Rzepa, Henry; Mclean, Andrew; Harvey, Matthew J.
Chem Int 38 (3–4) 24–26 (2016).
Science Published: (May/2016)
DOI: https://doi.org/10.1515/ci-2016-3-408
Abstract:
Progress in science has always been driven by data as a primary research output. This is especially true of the data-centric fields of molecular sciences. Scholarly journals in chemistry in the 19th century captured a (probably small) proportion of research data in printed journals, books, and compendia. The curation of this data from its origins in the 1880s and for most of the 20th century was largely driven by a few organisations as a commercial and proprietary activity. The online era, dating from around 1995, saw much experimentation centred around the presentation and delivery of journals, but less so of the data. The latter evolved, almost by accident, into what is now known as electronic supporting or supplemental information (SI), associated with journal articles. [1] That there was still a general problem in science was revealed by the “Climategate†events in 2009, where a lack of access to the data on which climate models are based induced all manner of unfortunate conspiracy theories. [2] These events catalysed a change in policy at, amongst others, UK research funders. One outcome of this change was seen in May 2015 with the introduction of new research data management (RDM) requirements for funded researchers. This centred around the precept that primary research data should be made openly available [3] and coincided with the evolution of the open science tripod of open data, open access articles, and open science notebooks. [4]
These new funder policies now require researchers to develop research data management plans, part of which involves publishing their data in what is called FAIR form. [5] The four components of FAIR are:
F: Findable. Data should be discoverable by searches, ideally on a global scale using consistent interfaces.
A: Accessible. Data should be openly retrievable not only by humans, but by machines operating on a larger scale for the purpose of data or content mining.
I: Interoperable. Once discovered and retrieved, data should be capable of validation and re-use, again not merely by human but also by software.
R: Reusable with a commensurate and declared license that allows this.
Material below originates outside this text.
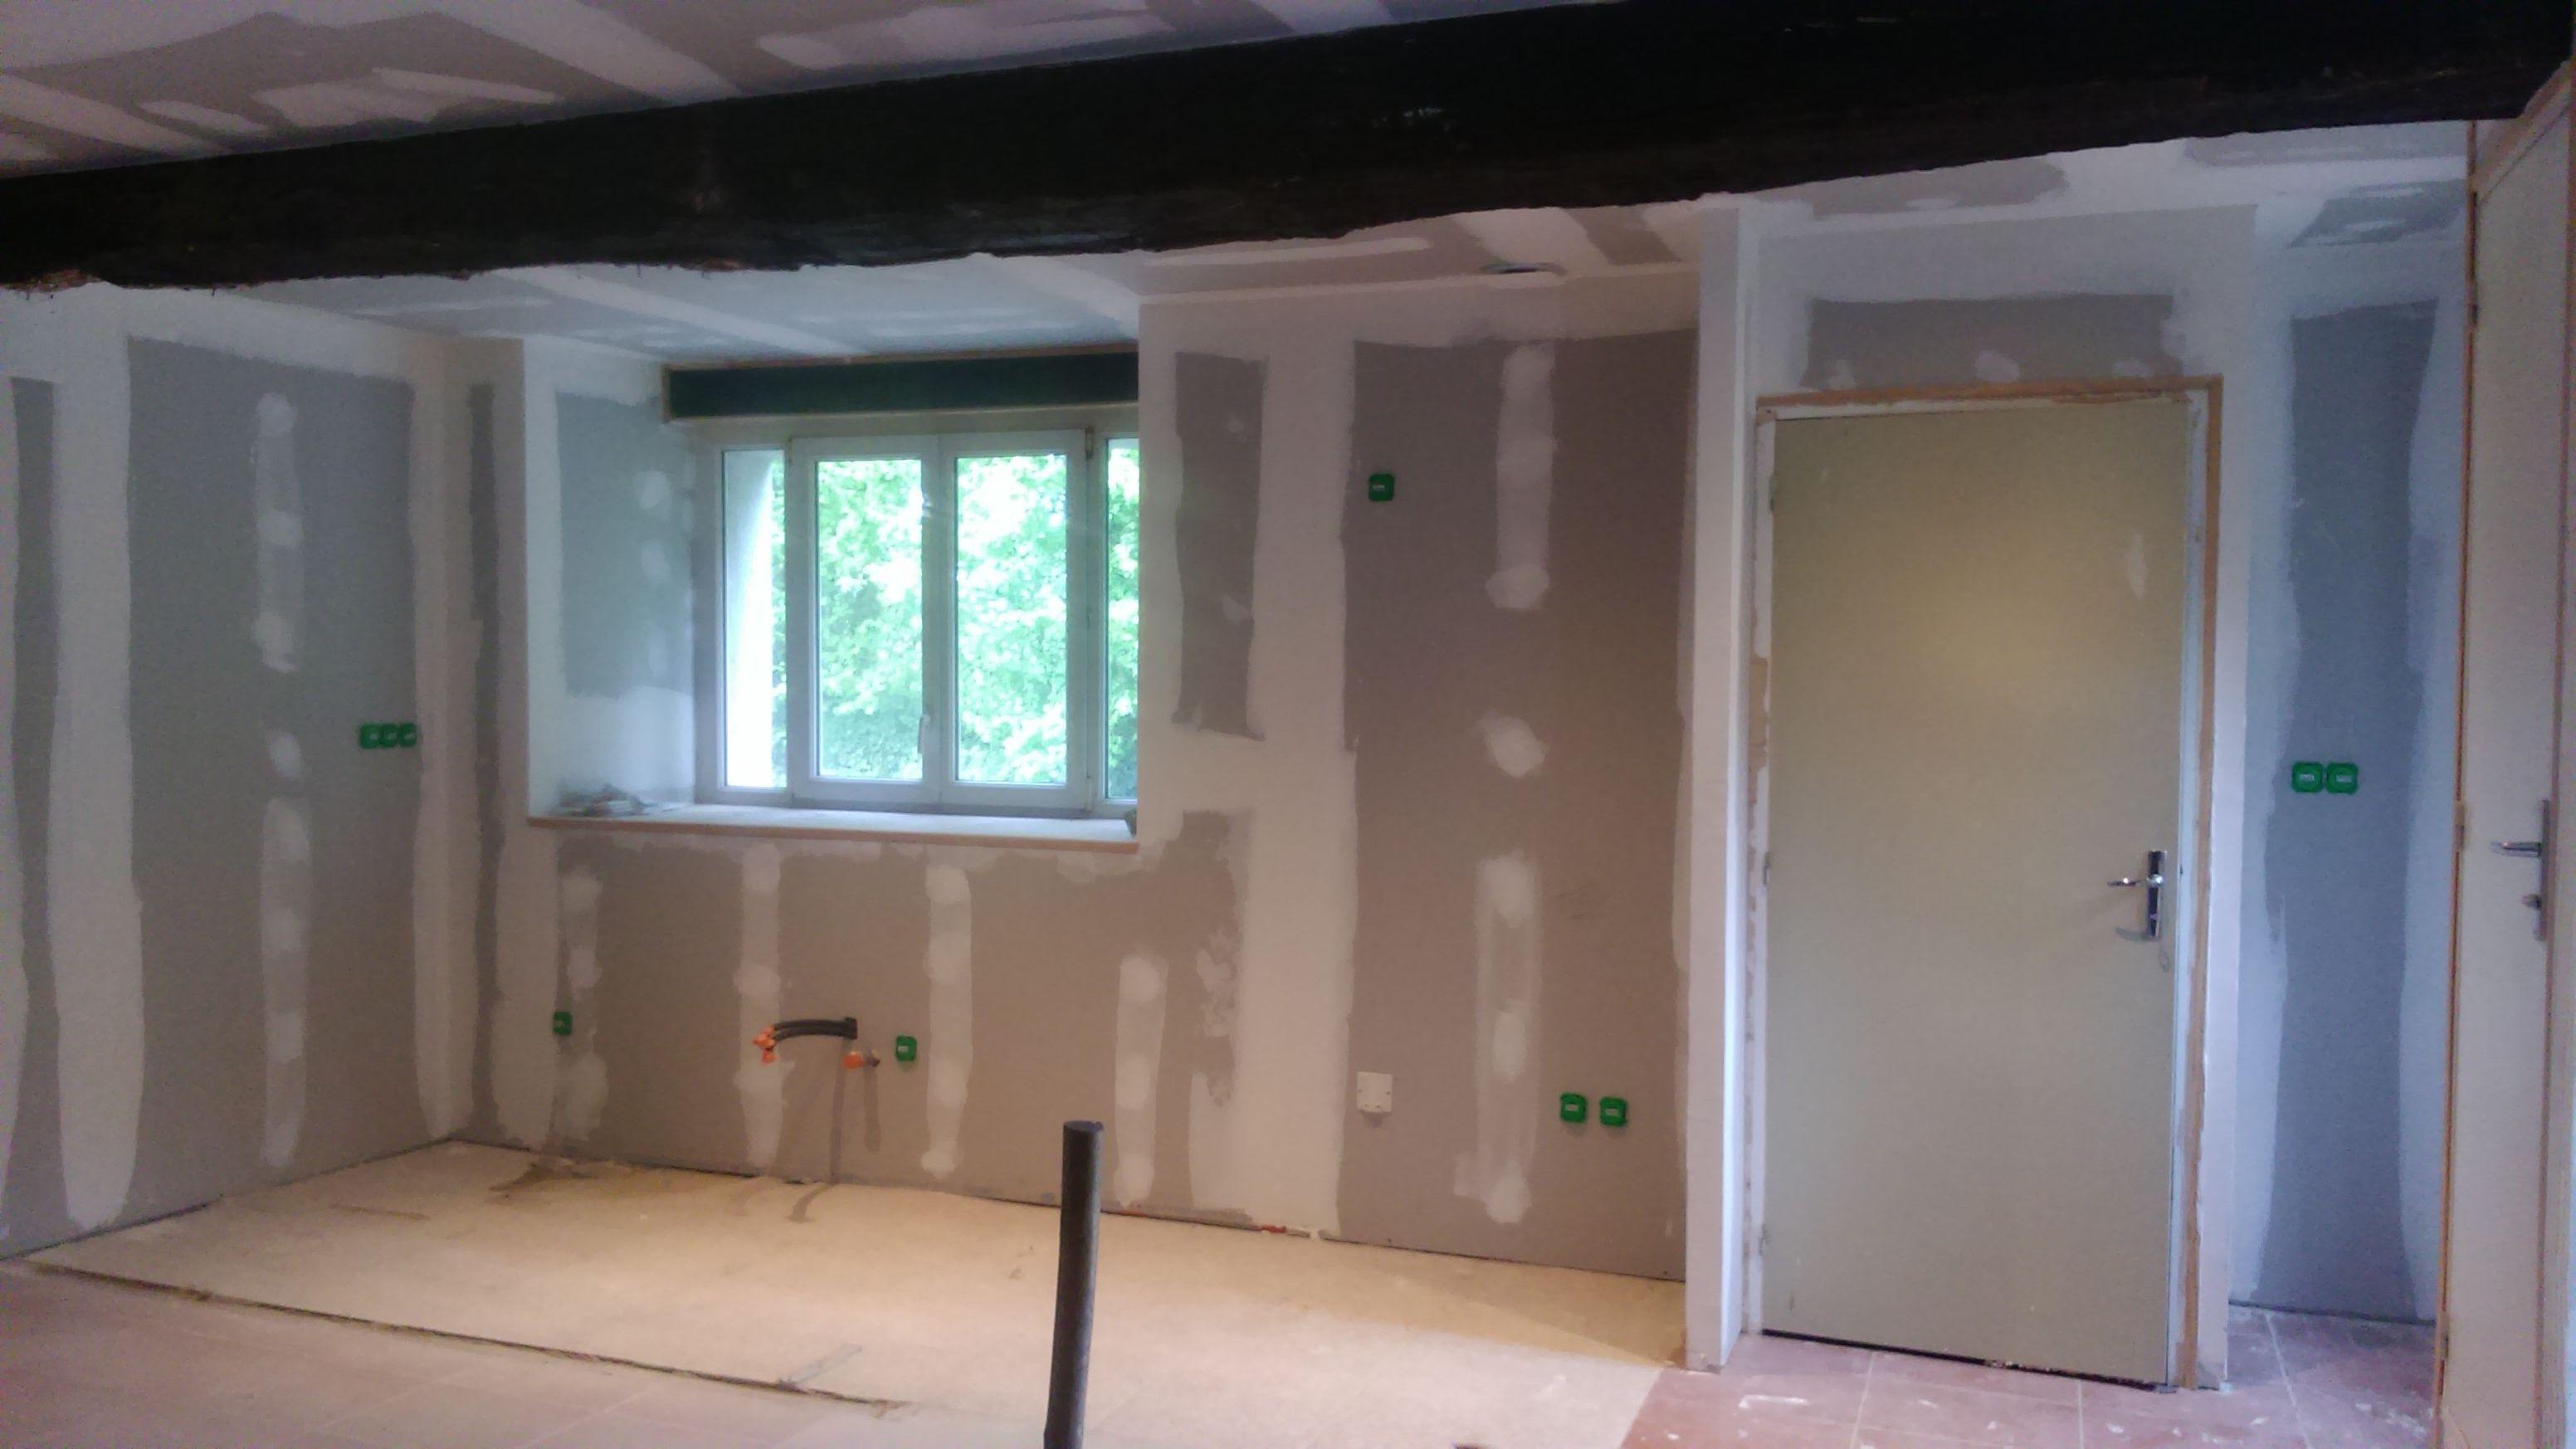 Rénovation d'une maison de campagne avec un style bohème et spacieux (during)

Although nowadays a virtually mandatory component of the journal publication process in chemistry, very little supporting information (SI) actually fulfils all these FAIR criteria for a variety of reasons. SI is mostly contained as a PDF document containing page breaks and page headers or footers. The PDF wrapper was never designed as a data container; such containment can easily disable data discoverability. Some data, such as crystallographic information, is contained in structured semantic form, but this is not generally true. Crucially, the PDF-based SI document never has formally declared metadata (information about the data contained therein) and its monolithic structure (examples have reached 504 pages in length, [6] and this may not have been even been close to the maximum) means that even a simple index of the text content is probably next to useless to satisfy the F of FAIR. SI is a child of its parent, the scientific journal article, and as such inherits the persistent (digital object) identifier or DOI of the article. The article DOI, however, carries no information (metadata) about the SI itself or about any data contained in the SI. The DOI normally points to a landing page for the article and this page has to be visually inspected by a human to ascertain the existence and whereabouts of SI, often in a manner parochial to the journal; a fail for both the F and the A of FAIR. Validation of data held inside a PDF file is rarely possible with any semantic assurance, a fail for the I of FAIR. Finally, the licenses that cover data are or should be fundamentally different from those that cover copyrightable materials such as journal articles. These are rarely declared; a fail for the R of FAIR.